And that's how she came to found Juma Ventures, which boldly declares in its mission statement that it is one of a new breed of charities that "use business and entrepreneurship as the vehicle for achieving our social mission."

Juma Ventures is not alone. In the past generation, many of America's most ambitious and creative nonprofits have concluded that handouts are no longer enough, that government and altruism can't improve the lives of the poor. The new nonprofits want to harness themselves and their causes to the unparalleled power of the marketplace.

This movement has no agreed-upon name, no single approach, and no one person in charge. But it does have a mantra: "nonprofit organizations need to do more than redistribute wealth," says Bill Shore, the founder of an innovative anti-hunger organization in Washington called Share Our Strength. "They have to create wealth."

Social activists all over the country have had similar epiphanies.
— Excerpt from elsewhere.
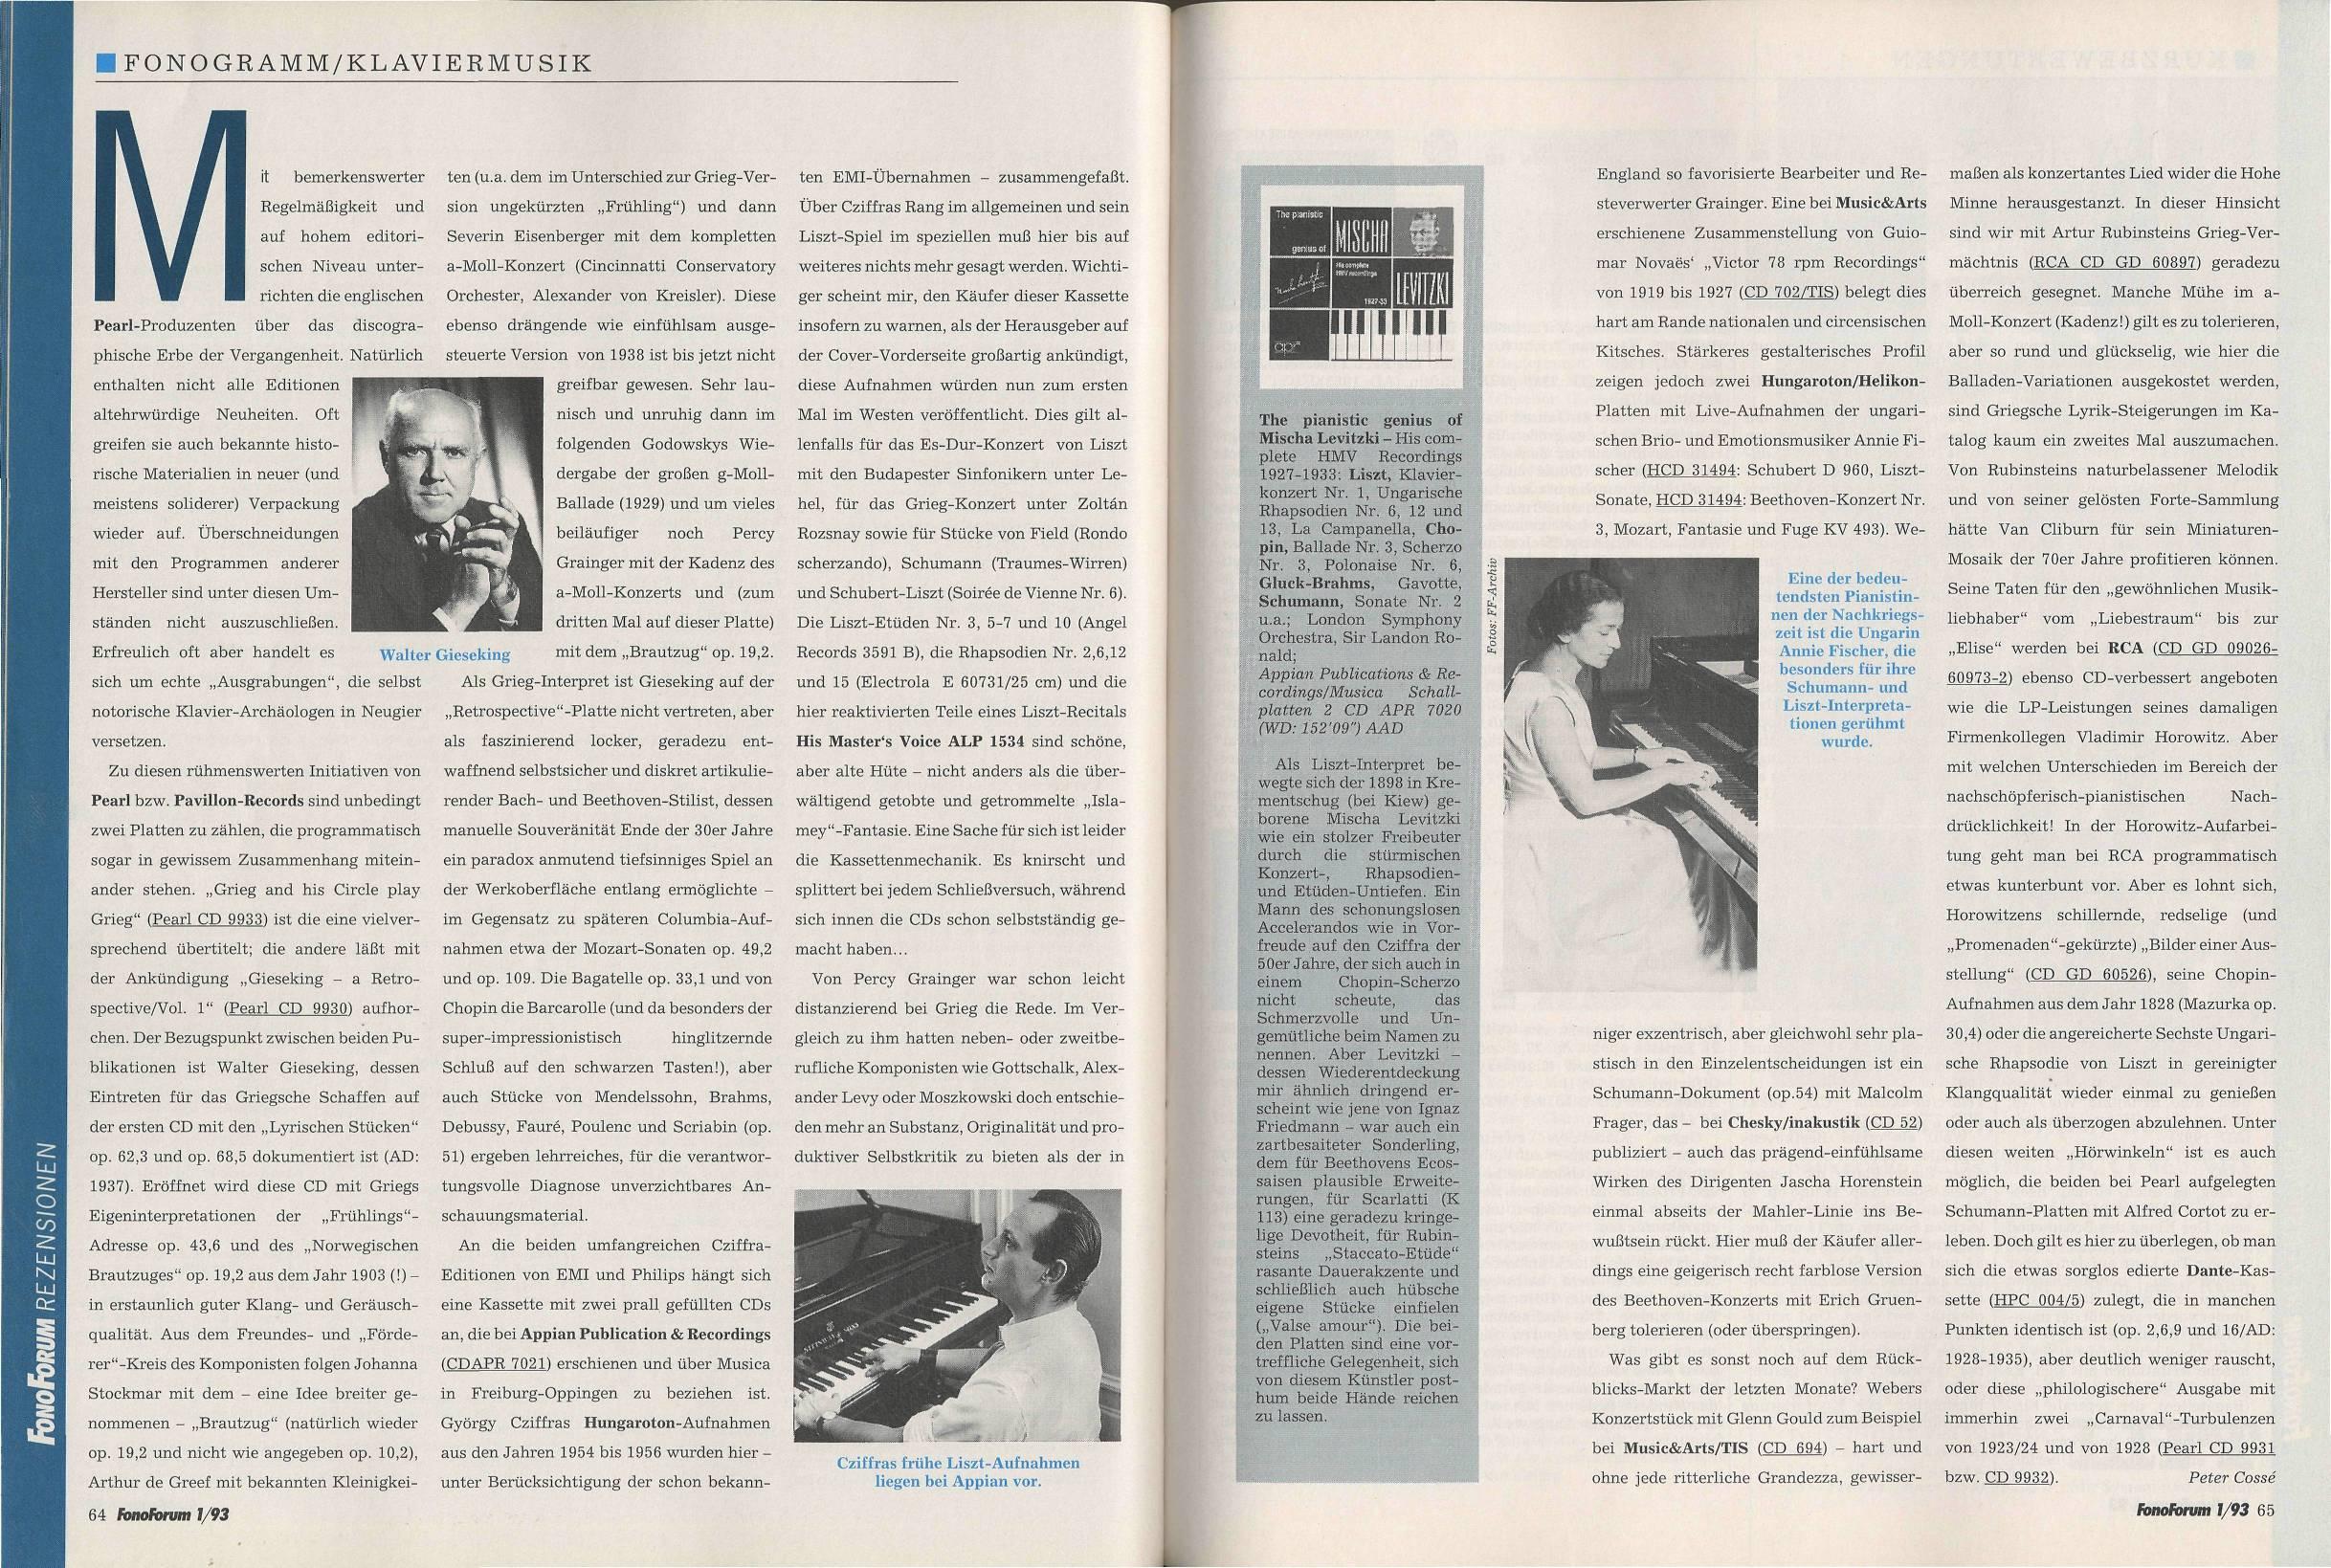 Fonogramm/Klaviermusik

At the Roberts Enterprise Development Fund in San Francisco, the entrepreneurial approach to charity is called "venture philanthropy." Common Ground, a New York City nonprofit that builds housing for the homeless -- and owns the Ben & Jerry's Homemade ice cream shop at Times Square -- refers to "creative responses." Ben & Jerry's itself speaks of "caring capitalism." Stanford Graduate School of Business, one of a growing number of business schools that have added this approach to their curricula, calls it "social entrepreneurship." Not to be outdone, Harvard Business School offers courses in "social enterprise." In Seattle, Pioneer Human Services employs the poetic phrase "community wealth," which Shore appropriated for his for-profit spin-off, a consulting firm that helps other nonprofits to become entrepreneurs. And at D.C. Central Kitchen in Washington, where social worker Robert Egger figured out how to make $300,000 a year for his charity with a catering business called Fresh Start, it's simply called "using our heads."

"It's not just pity and free food and 'Oh, aren't we doing good,' " Egger says. "It's about having a plan." In his book The Cathedral Within, Shore recalls Kurt Vonnegut saying, "There is no reason that goodness cannot triumph over evil so long as the angels are as organized as the Mafia." Shore sees a helter-skelter army of human "angels" busily feeding, healing, sheltering, and teaching the less fortunate by working through the nation's 570,000 community nonprofits. "But they are not triumphing, because they are not organized for success," he says. "They lack the tools, training, finances, and resources they need to reach their full potential."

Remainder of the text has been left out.